Other studies have looked at the way the chemical compounds in these particles might harm the body. Some of the most common additives in plastics, like bisphenols and phthalates — which make products more flexible, durable, or flame resistant — have been extensively studied for decades. These additives are known to be endocrine disrupters, meaning they can wreak havoc on our hormones; this can be particularly dangerous for the developing bodies of infants and children. Once lodged in our tissues, microplastics may leach these chemical compounds continually into our bodies. They are “what we call sustained-release vehicles,” Don Ingber, a professor at Harvard’s medical and engineering schools, told the Harvard Gazette. “They’re just sitting there, and every day they’re releasing a little bit for the rest of the lifetime of those cells in your gut or other organs.”
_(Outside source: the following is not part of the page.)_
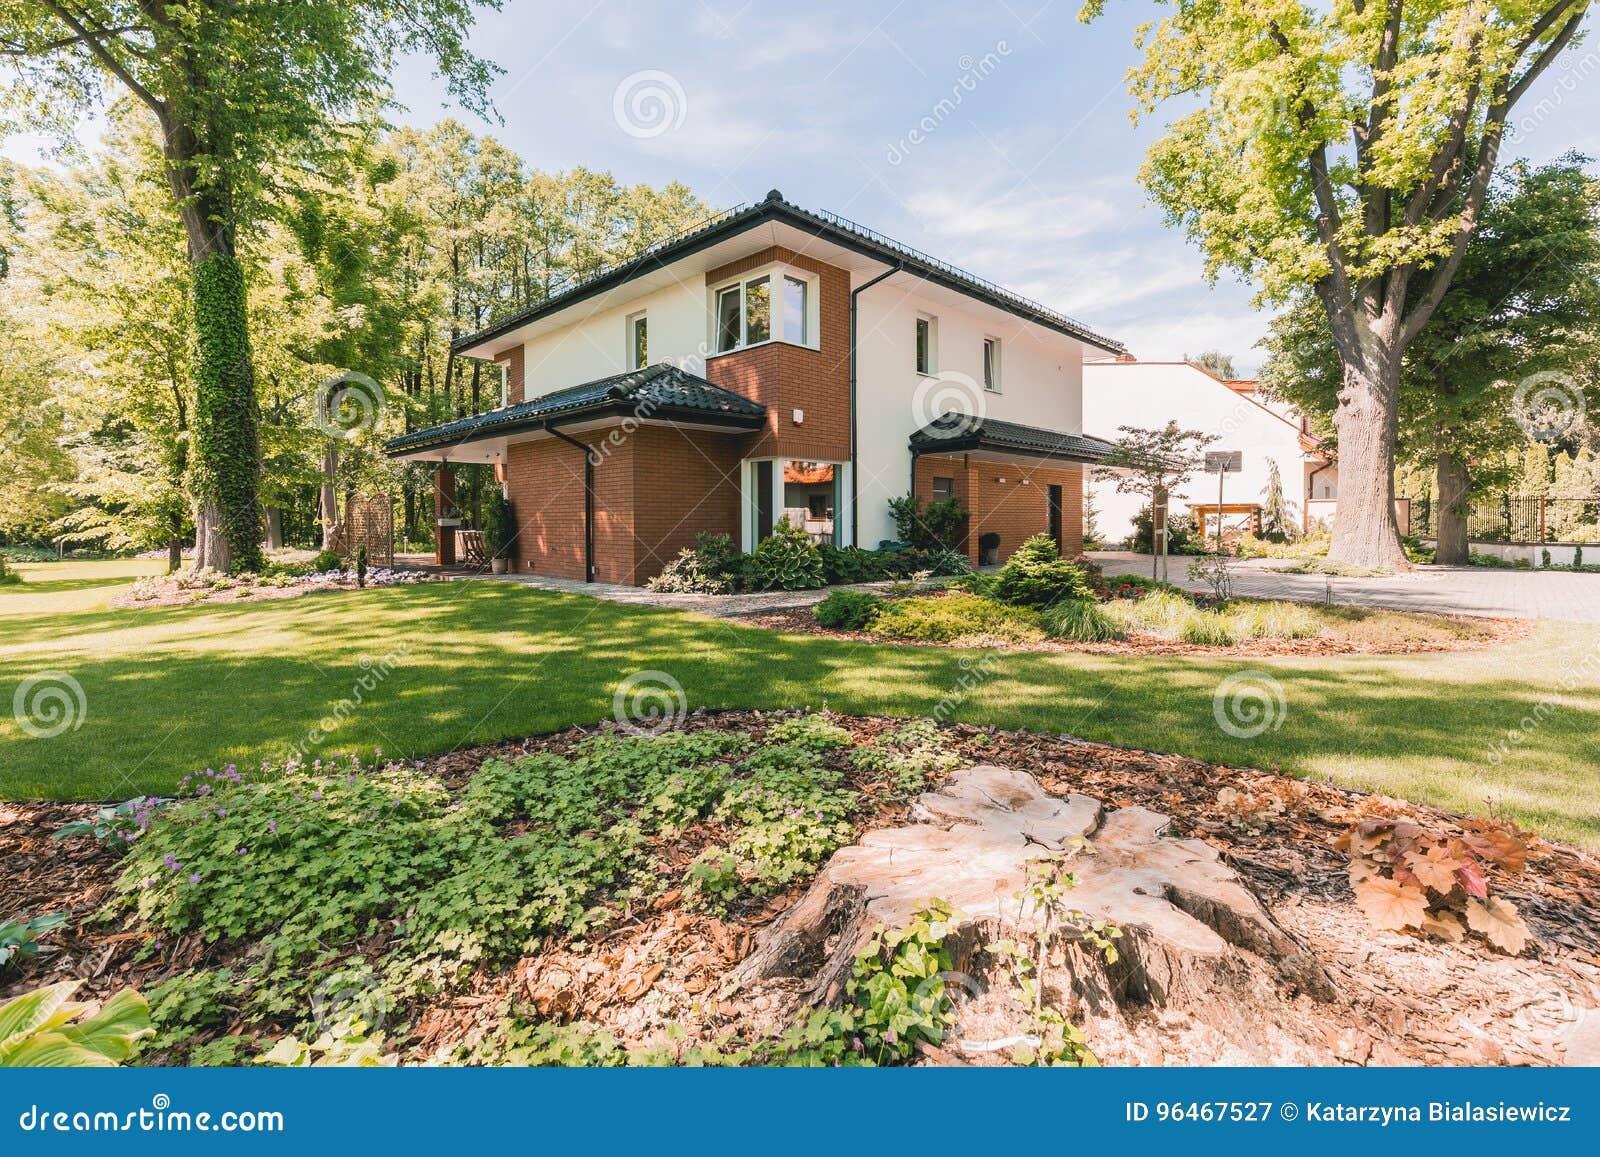 La Veranda Di Campagna casa della famiglia con la veranda soleggiata immagine stock

I think microplastics will turn out to be the cause of many of our modern ailments: autism, dementia, many of the neurological disorders we're discovering in older generations, low fertility rates, etc. They're everywhere, and there's nothing we as individuals can do to avoid them. It's terrifying, yet feels so obvious in hindsight, no? Of course plastics do this to us… 

What was that famous DuPont slogan? "Better Living…through Chemistry."